Sunday, April 1, 2018

FW: Three Indexing Questions

-----Original Message-----
From: Shawn Heisey [mailto:apache@elyograg.org]
Sent: 30 March 2018 05:56
To: solr-user@lucene.apache.org
Subject: Re: Three Indexing Questions

On 3/29/2018 3:59 PM, Terry Steichen wrote:
> First question: When indexing content in a directory, Solr's normal
> behavior is to recursively index all the files found in that directory
> and its subdirectories.  However, turns out that when the files are of
> the form *.eml (email), solr won't do that.  I can use a wildcard to
> get it to index the current directory, but it won't recurse.

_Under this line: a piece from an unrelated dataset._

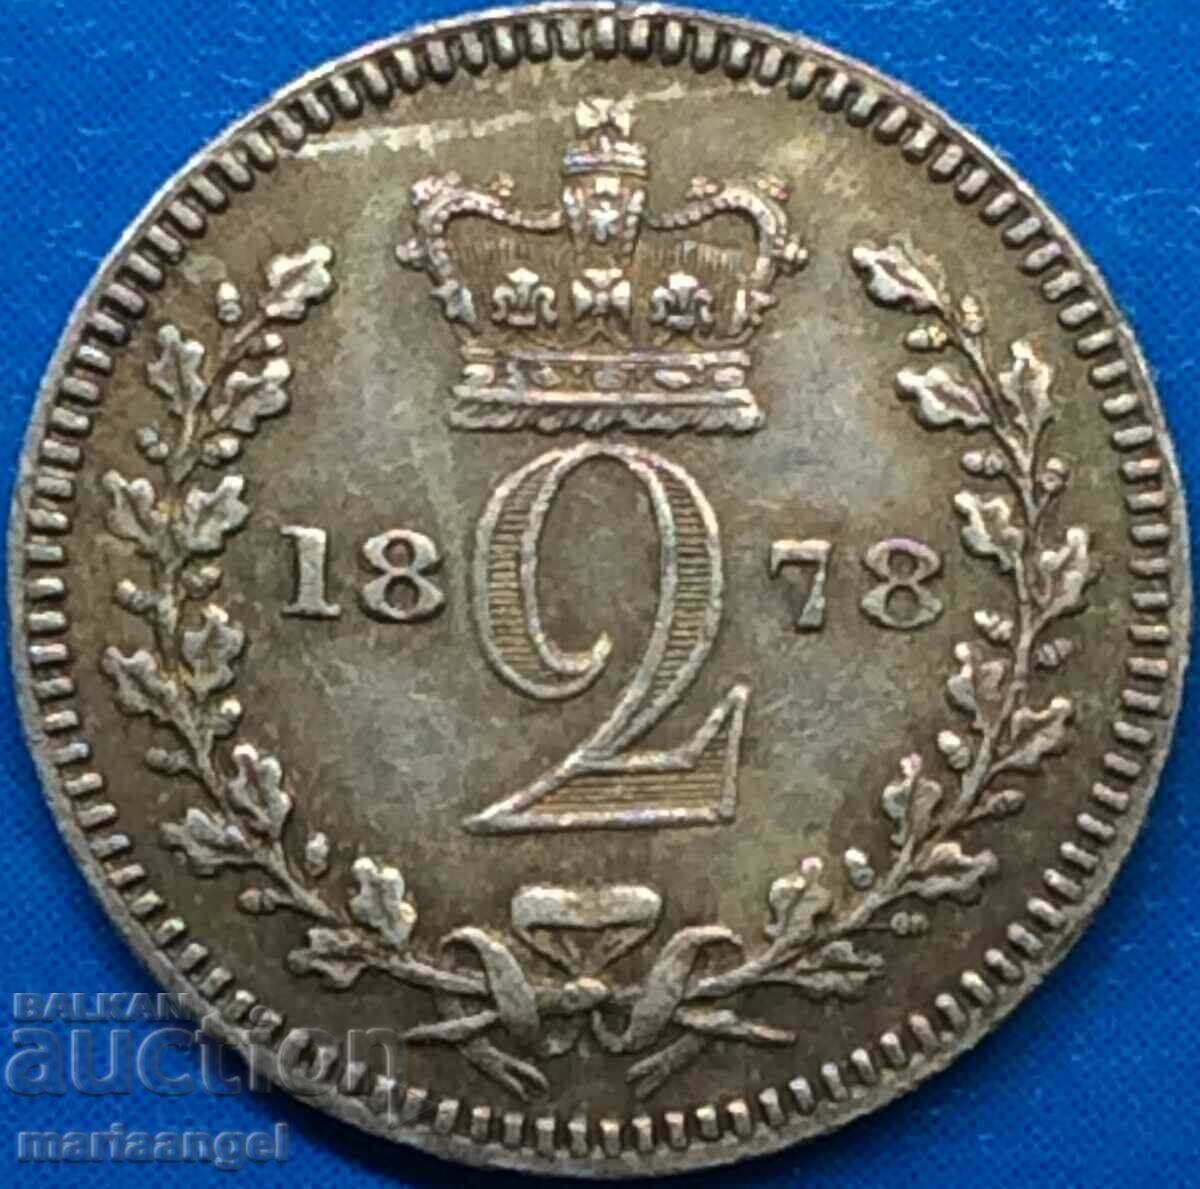 Μεγάλη Βρετανία 2 Pence 1878 Moundy Victoria RARE Silver
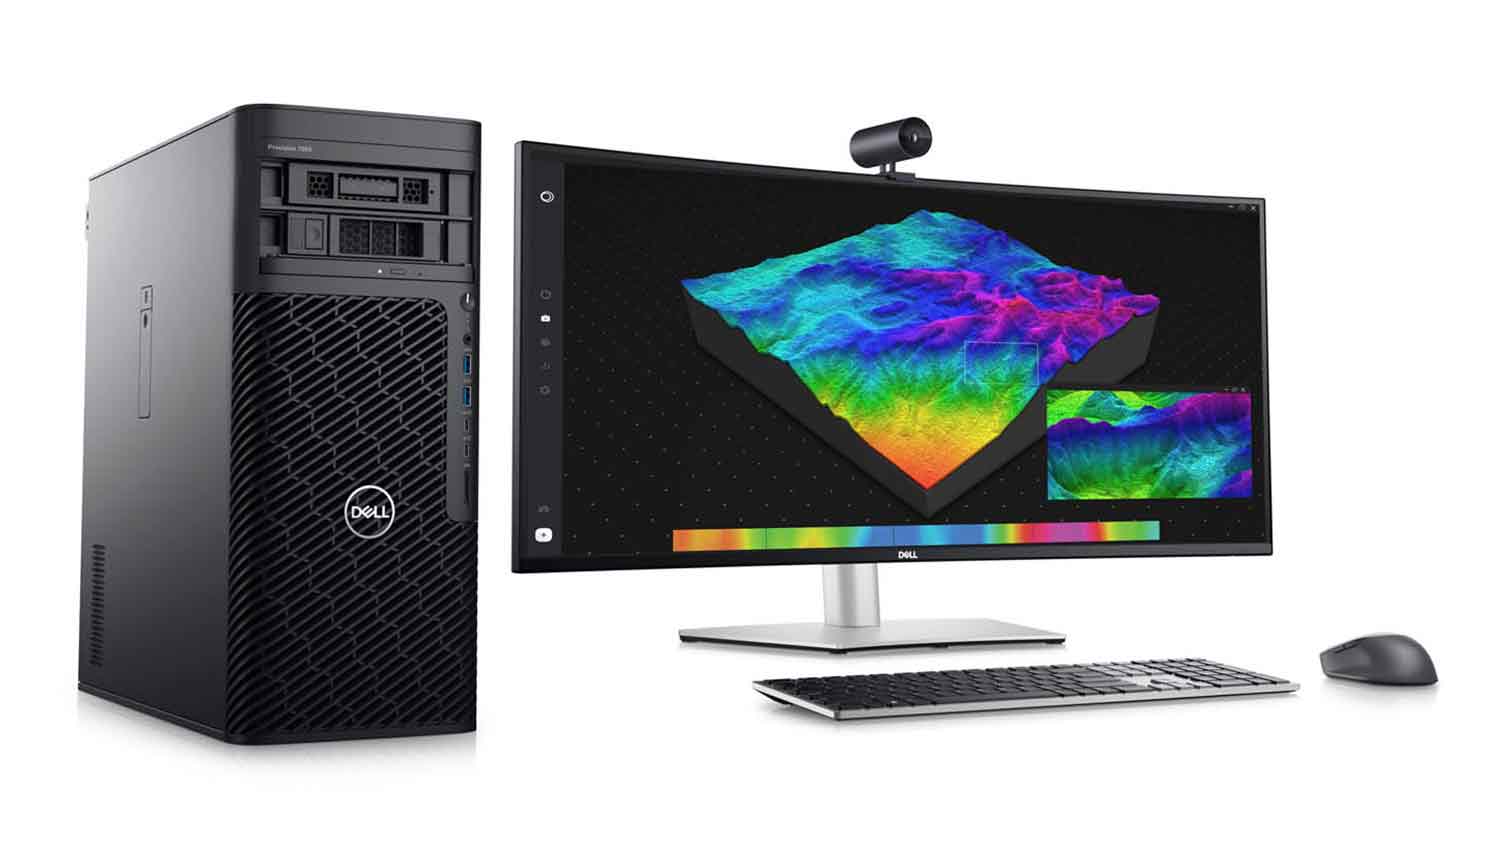 AMD unveils Threadripper Pro workstation and high-end desktop

At first I had no idea what program you were using.  I may have figured it
out, see below.

> I note this message that's displayed when I begin indexing: "Entering
> auto mode. File endings considered are
> xml,json,jsonl,csv,pdf,doc,docx,ppt,pptx,xls,xlsx,odt,odp,ods,ott,otp,
> ots,rtf,htm,html,txt,log

That looks like the simple post tool included with Solr.  If it is, type
"bin/post -help" and you will see that there is a -filetypes option that
lets you change the list of extensions that are considered valid.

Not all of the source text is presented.